Our parents or grandparents knew for themselves and counseled those who would listen that marriage was meant to keep you safe — from exhaustion, starvation or disrepute.

Industrialization ended exhaustion. Social Security ended starvation. Disrepute still remains in some circles, but not for much longer.

The state’s interest in marriage was clear when it was the mechanism used to convey property, wealth and security. It’s difficult to grasp that only a little more than a century ago, children and wives were considered property themselves! Today, property is controlled or conveyed in other ways. Marriage often has nothing to do with it.

What had been an institution promoting economic stability has become something else altogether. It’s taken another generation to begin to say what marriage is becoming.

We were raised in households where marriage was considered the most reliable instrument for economic security. Our grandparents weathered hard times in their marriages by silently reminding themselves, “I’m not happy, but at least I’m not hungry.” When we eliminated the second half of that sentence, marriage lost its historical imperative.

Is it any wonder that divorce is so common?

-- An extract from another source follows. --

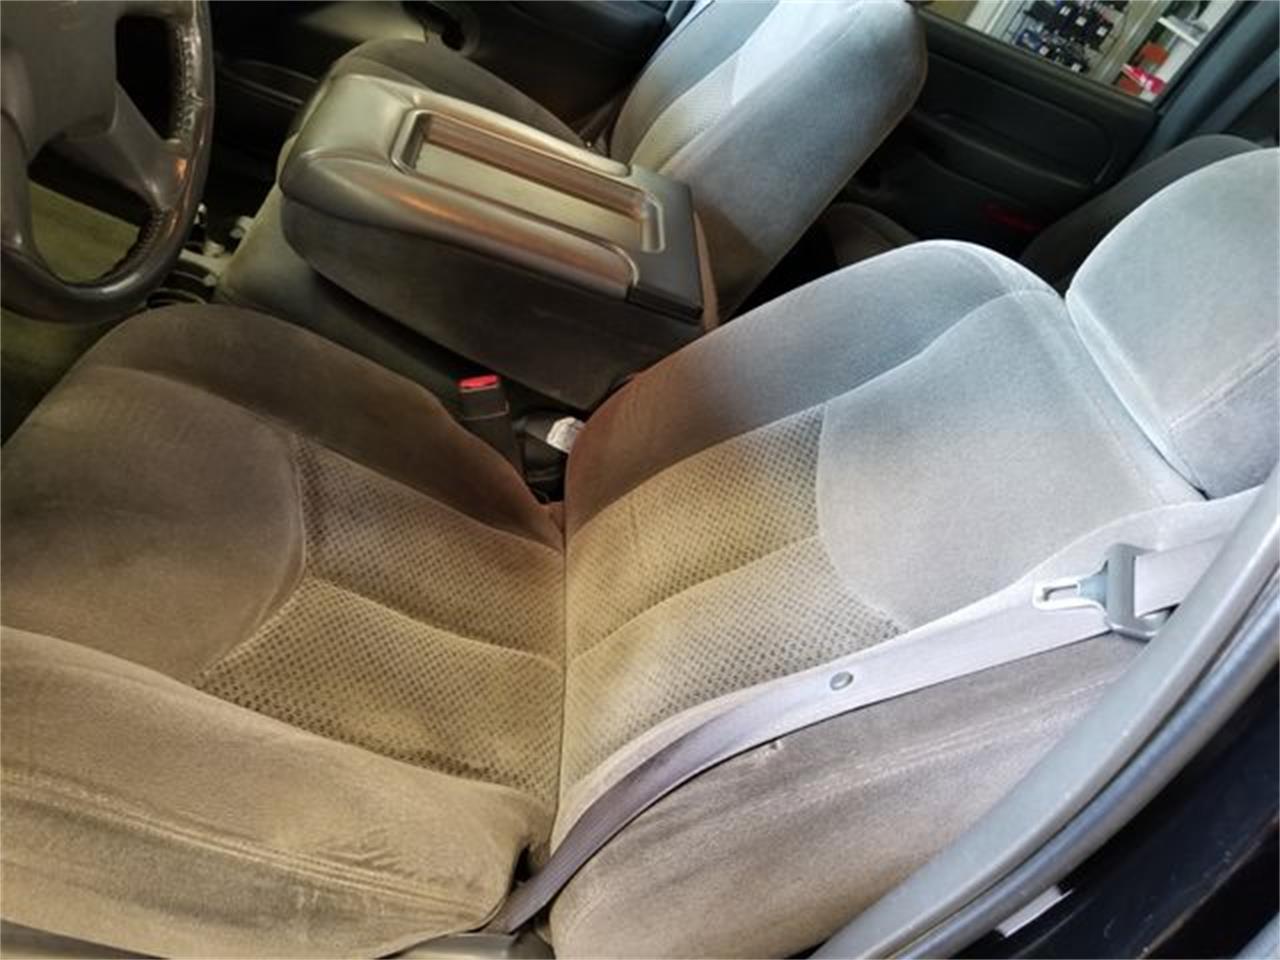 2006 Chevrolet Silverado (CC-1236657) for sale in Upper Sandusky, Ohio

The ground beneath us began shifting in the 1960s, but nobody told us. Marriage was seen as important enough that it should be preserved and promoted, but not for its original reasons. “Till death do us part” became “until further notice.”

Fidelity hasn’t changed — marriage has.

Right or wrong, it’s now seen as a reliable vehicle to achieve personal happiness and fulfillment. Divorce rates cause some to question that perception, but we’re in a cultural maelstrom. It’s too soon to know what new social good marriage might help promote.

It’s not too soon to say that homosexuals have every right to share that hope with conventional couples.